Dec. 2, 2015
Officers of the Vanderbilt University 300th Medical Hospital Unit prepare to leave for duty on the Italian front during World War II.
“Yesterday, December 7, 1941, a date which will live in infamy, the United States of America was suddenly and deliberately attacked by naval and air forces of the Empire of Japan. No matter how long it may take us to overcome this premeditated invasion, the American people in their righteous might will win through to absolute victory,” President Franklin D. Roosevelt said in part to a Joint Session of the United States Congress one day after the Japanese attacked Pearl Harbor in Hawaii.
Later that day, Congress declared war on Japan with Roosevelt signing the resolution. Two days later a similar resolution declared war on Germany and Italy, as the war in Europe had been ongoing since September 1939.

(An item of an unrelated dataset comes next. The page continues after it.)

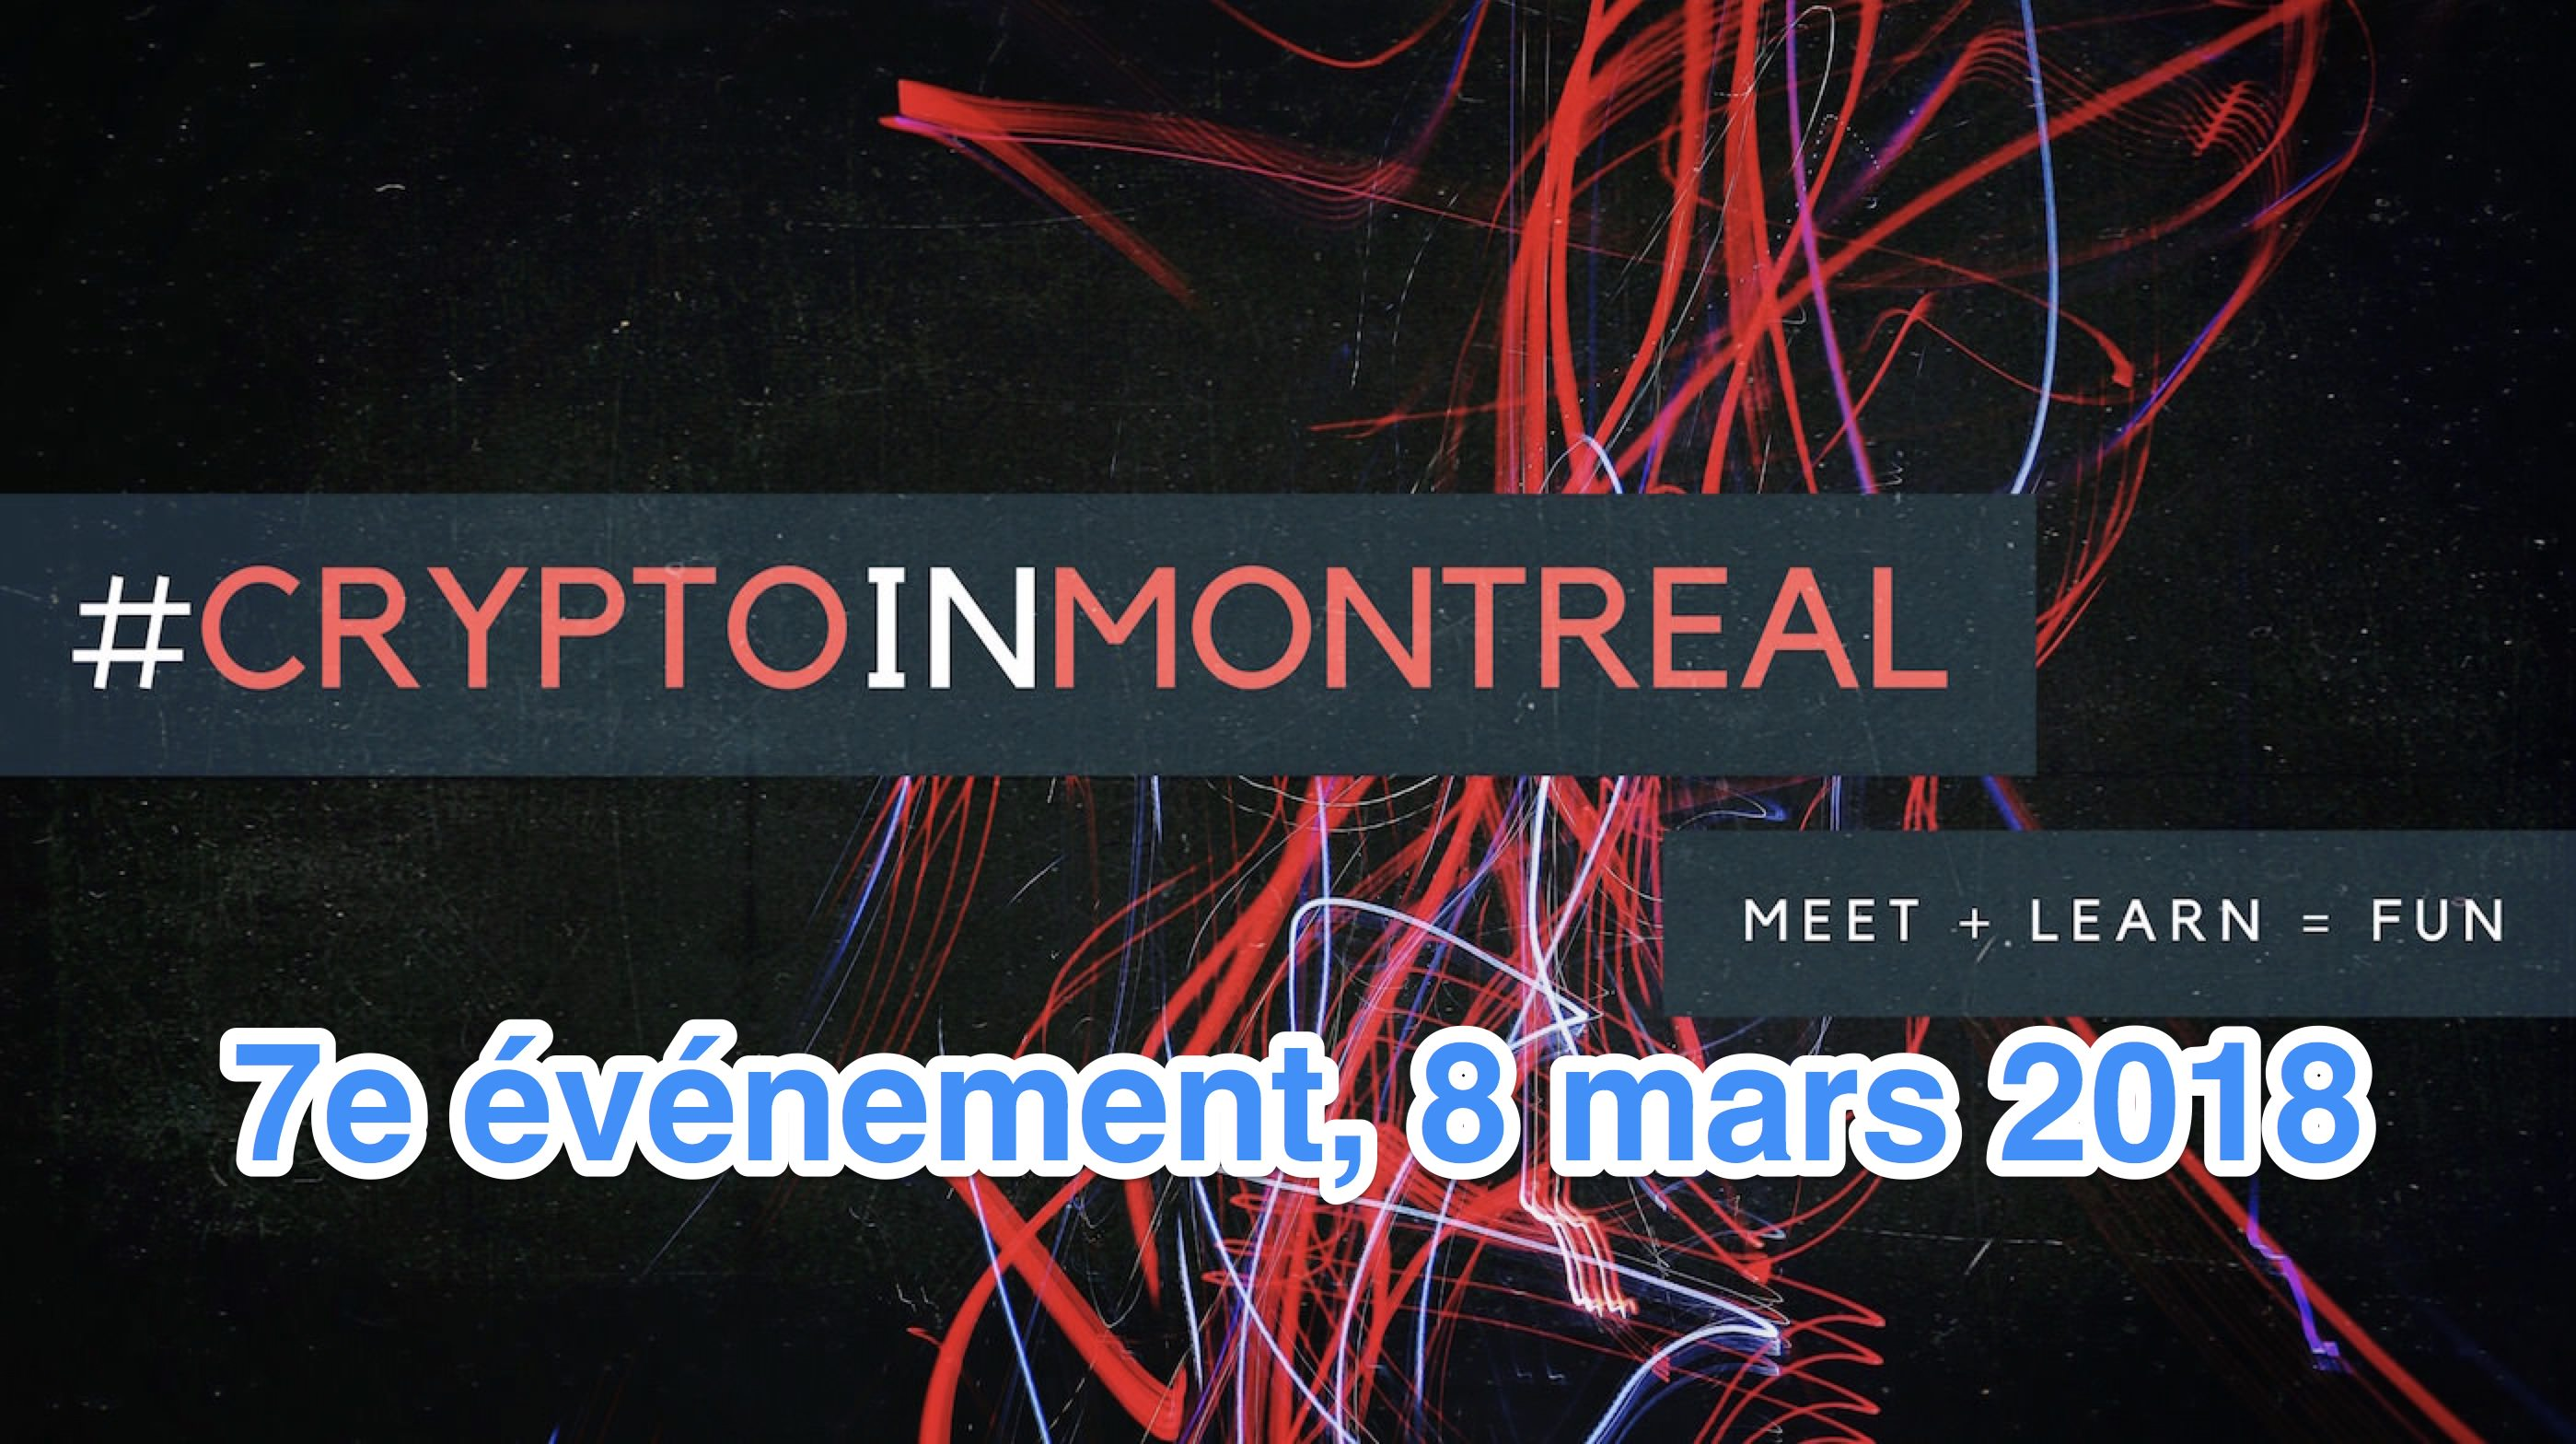 Blockchain et cryptomonnaies | La 7e édition de #CryptoInMontreal

In the December 7, 1941 edition of Nashville’s daily newspaper, the Tennessean, the first sports page has a photo of Vanderbilt head basketball coach Norman Cooper (1941-43, 1946-47) giving instructions to his center Homer “Red” Dehoney, who is sitting in a chair shooting a basketball in an unusual drill. Cooper was also an assistant football coach for the Commodores as it was a tradition at Vanderbilt and most colleges in that era for assistant gridiron coaches to lead the basketball teams. Vanderbilt would hire its first full-time basketball coach, Bob Polk, in 1947.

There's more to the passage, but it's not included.